Next, resume the graph by invoking it with None as the inputs.

events = graph.stream(None, config, stream_mode="values")
for event in events:
    if "messages" in event:
        event["messages"][-1].pretty_print()
================================= Tool Message =================================

We, the experts are here to help! We'd recommend you check out LangGraph to build your agent. It's much more reliable and extensible than simple autonomous agents.
================================= Tool Message =================================

We, the experts are here to help! We'd recommend you check out LangGraph to build your agent. It's much more reliable and extensible than simple autonomous agents.
================================== Ai Message ==================================

Thank you for your patience. I've escalated your request to our expert team, and they have provided some initial guidance. Here's what they suggest:

The experts recommend that you check out LangGraph for building your AI agent. They mention that LangGraph is a more reliable and extensible option compared to simple autonomous agents.

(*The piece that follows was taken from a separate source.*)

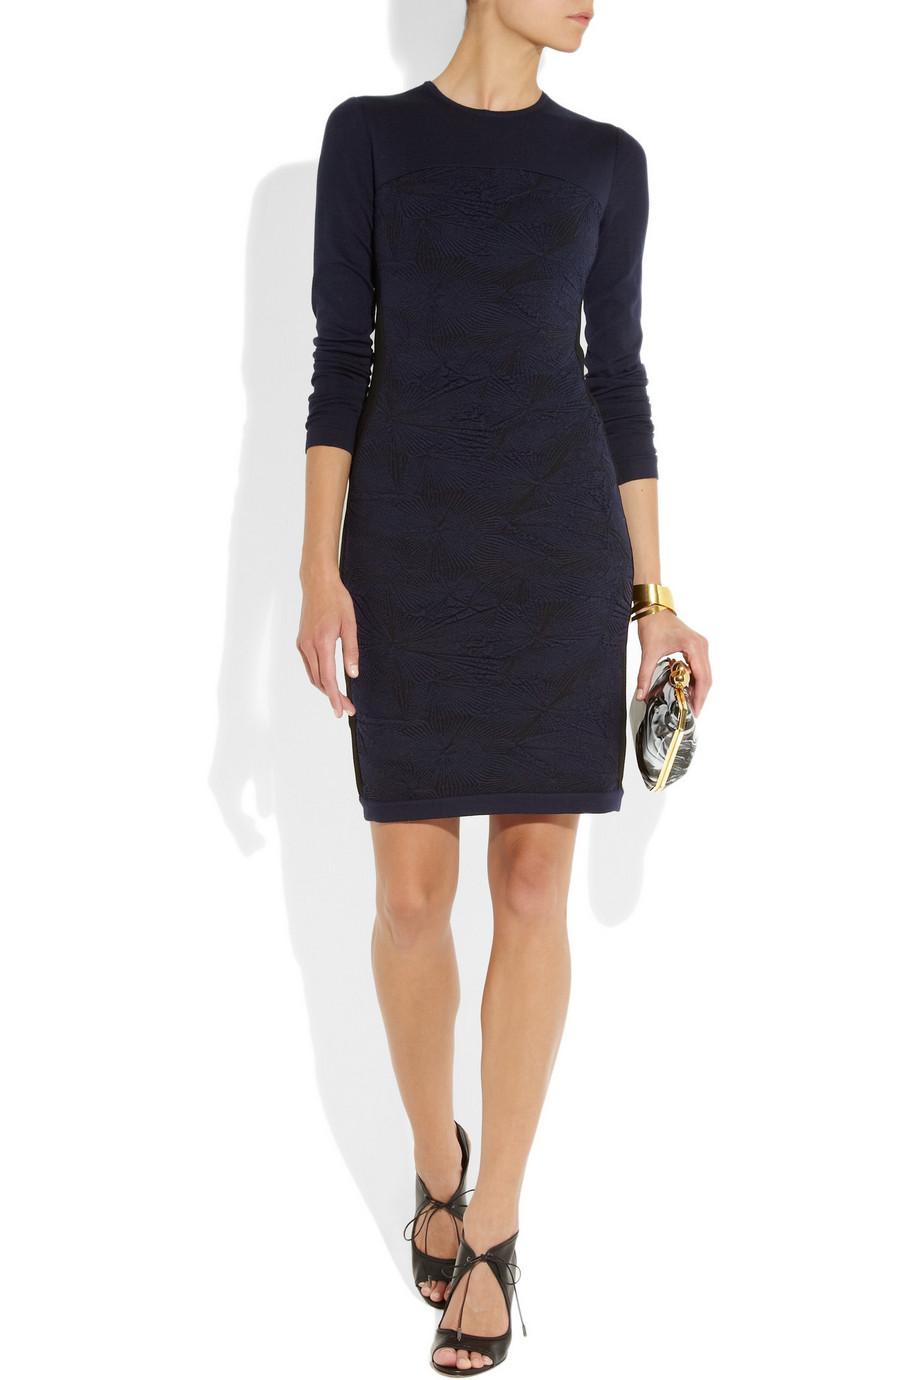 Fendi Jacquard-paneled Stretch-jersey Dress | Day to Night Dresses for Fall

LangGraph is likely a framework or tool designed specifically for creating complex AI agents. It seems to offer advantages in terms of reliability and extensibility, which are crucial factors when developing sophisticated AI systems.

To further assist you, I can provide some additional context and next steps:

1. Research LangGraph: Look up documentation, tutorials, and examples of LangGraph to understand its features and how it can help you build your AI agent.

2. Compare with other options: While the experts recommend LangGraph, it might be useful to understand how it compares to other AI agent development frameworks or tools you might have been considering.

3. Assess your requirements: Consider your specific needs for the AI agent you want to build. Think about the tasks it needs to perform, the level of complexity required, and how LangGraph's features align with these requirements.

4. Start with a small project: If you decide to use LangGraph, consider beginning with a small, manageable project to familiarize yourself with the framework.

5. Seek community support: Look for LangGraph user communities, forums, or discussion groups where you can ask questions and get additional support as you build your agent.

6. Consider additional training: Depending on your current skill level, you might want to look into courses or workshops that focus on AI agent development, particularly those that cover LangGraph.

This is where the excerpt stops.